Competing for political power

In any political insitution, you have the politicians, then you have their protection services, then you have their intelligence services. Of course those in power have access to protection services and to national intelligence services.

In some countries, all political candidates have access to protection services and to equal intelligence sharing. In other countries, some candidates can have access to protection services while others don't. In some countries, some candidates have access to national intelligence while others don't.

This can lead to assymetric campaigns, as those with protection services will take more risks than those who are not protected. Those with access to intelligence will be better able to inform the public than those who don't have access to the intelligence.

What is the current political world order?

Some would be tempted to say that the current world order is a mix of globalization and laissez-faire, but that would be taking shortcuts. The current world order is what I would call a “mixed” world order. That is a world order in which most countries use public funds to a certain extent, have olligopolies to a certain extent, have private enterprises to a certain extent, have foreign public funds injected in them to a certain extent and have private foreign funds injected to a certain extent, be it in the military, in the environment, in politics, in the economy and in social affairs.

Most countries also adopt a mix of offensive, defensive and laissez-faire approaches to the military, environmental life, political life, economic life and social life. That is the government can be offensive regarding the environment for example, but defensive on social issues while adopting a laissez-faire approach to the economy. So there's no single trend emerging. Iran is offensive militarily and socially, perhaps economically defensive while adopting laissez-faire policies on the environment. South Korea is defensive militarily, while employing offensive approaches to the economy and laissez-faire approaches socially, alternating between defensive and offensive policies on the environment while being very offensive on the political front. The idea is it varies from country to country.

Conclusion: what we think politics is and what it really is

When we think of politics, with think of leaders and politicians, their biographies, their public and private lives. We rarely think of politics in terms of budgeting and taking action on public issues.

What can we learn from all this? Is your country adopting socially aggressive policies? Do you agree that social policy should be offensive and aggressive? The problem is I've met a lot of people, many of whom have completely different approaches to politics. We tend to say we are one big human family and tend to identify as democrat or republican, yet have completely different views on how budgets should be distributed and how action should be taken. I've met republicans who think there should be more  foreign investment. Other republicans who think the government should spend more. Democrats who think the government should take offensive approaches to the economy. Democrats who think we should take defensive approaches to the economy.
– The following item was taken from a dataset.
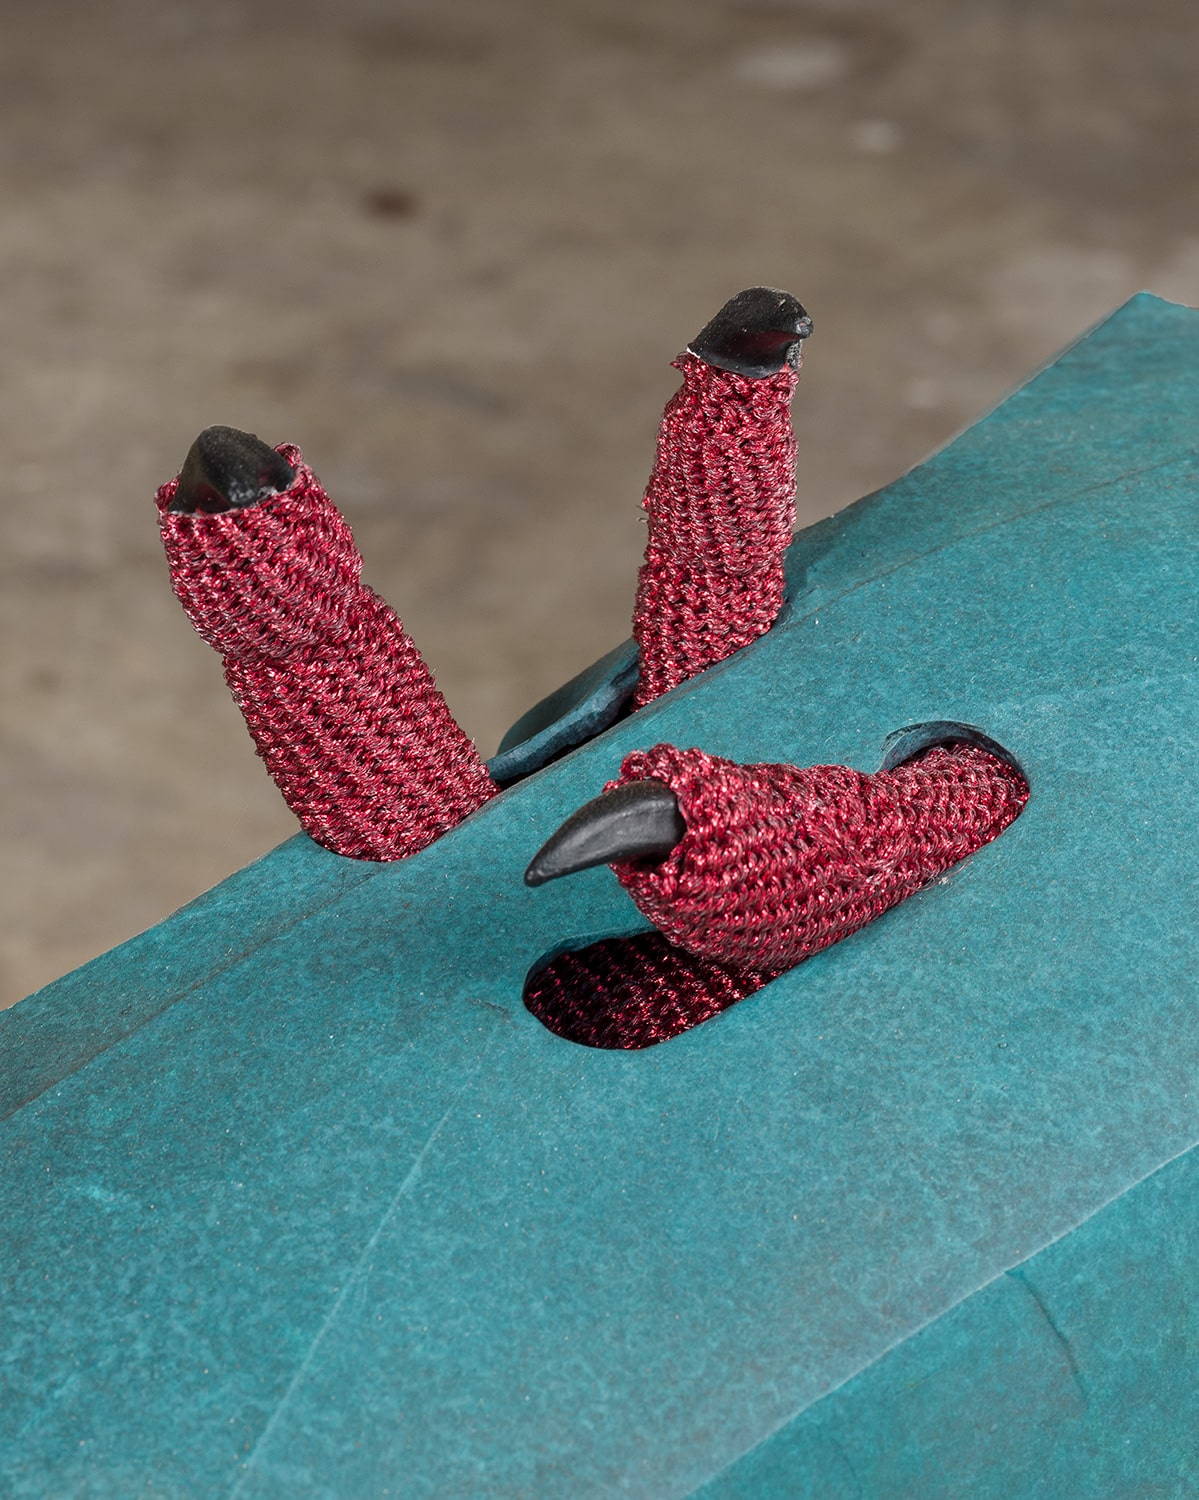 Red crocheted claws poke through a blue box.
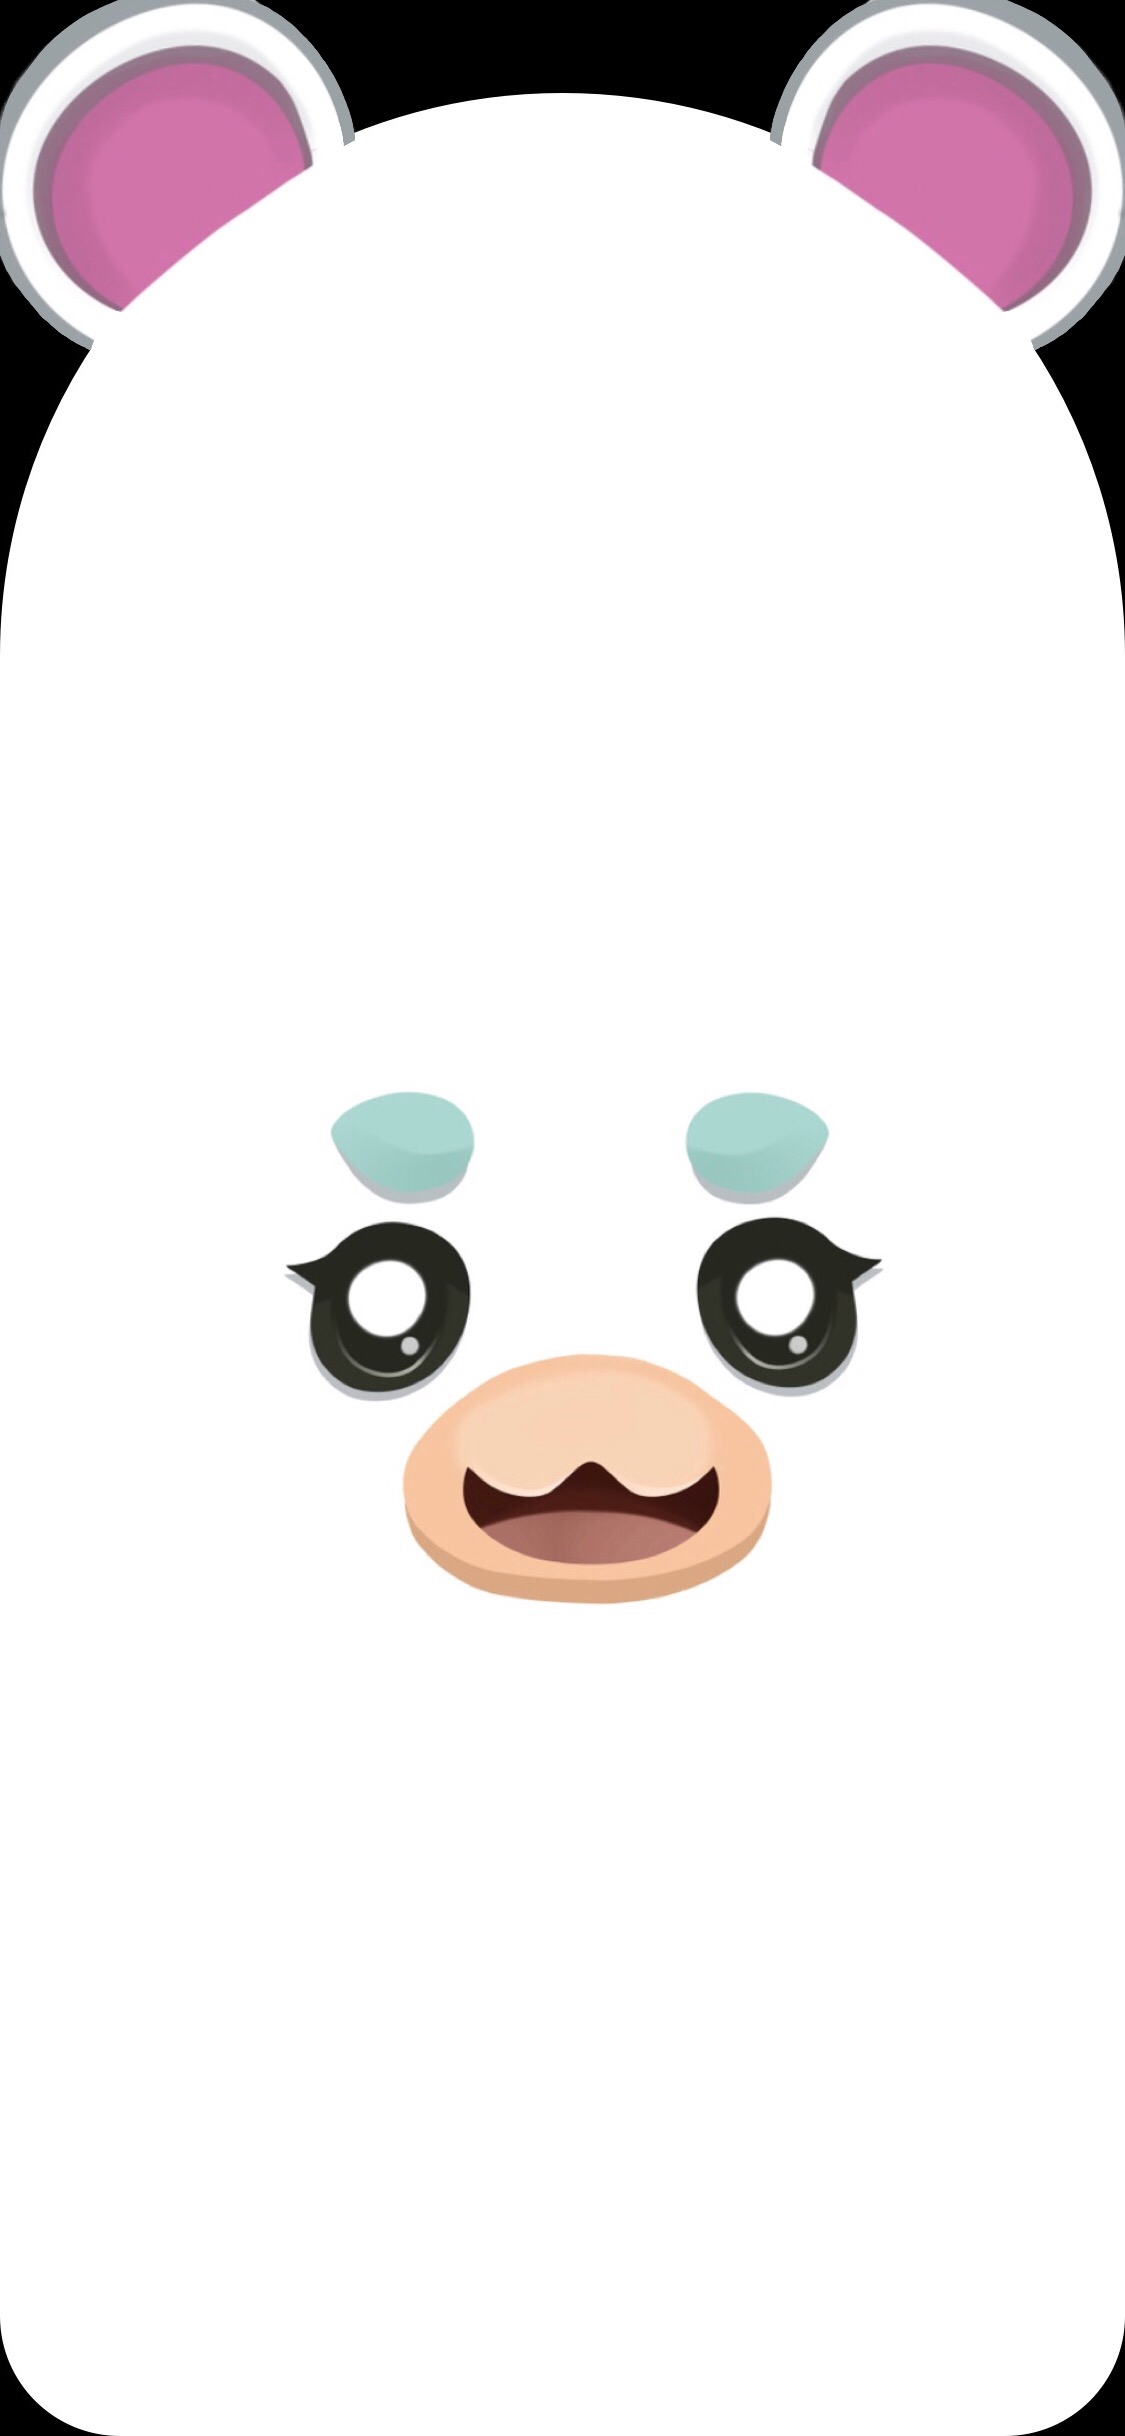 Animal Crossing Flurry Wallpaper Iphone X - Cartoon - HD Wallpaper

Despite appearances, there tends to be very little group think in politics. A lot of politics is consensus, and a lot of it is not even conscious or deliberate. To finish I was going to write a section on conspiracy theories which I ended up deleting. We tend to think of conpracies as the government colliding to secretly impose policy, disaster or assasinations on people. While psychological operations do exist where the government attempts to create an atmosphere of anxiety, especially in times when there may be wars looming, but a lot of the conspiracy theories you'll read about online are pure fabulation. What is the truth? The only truth is no one knows the whole truth.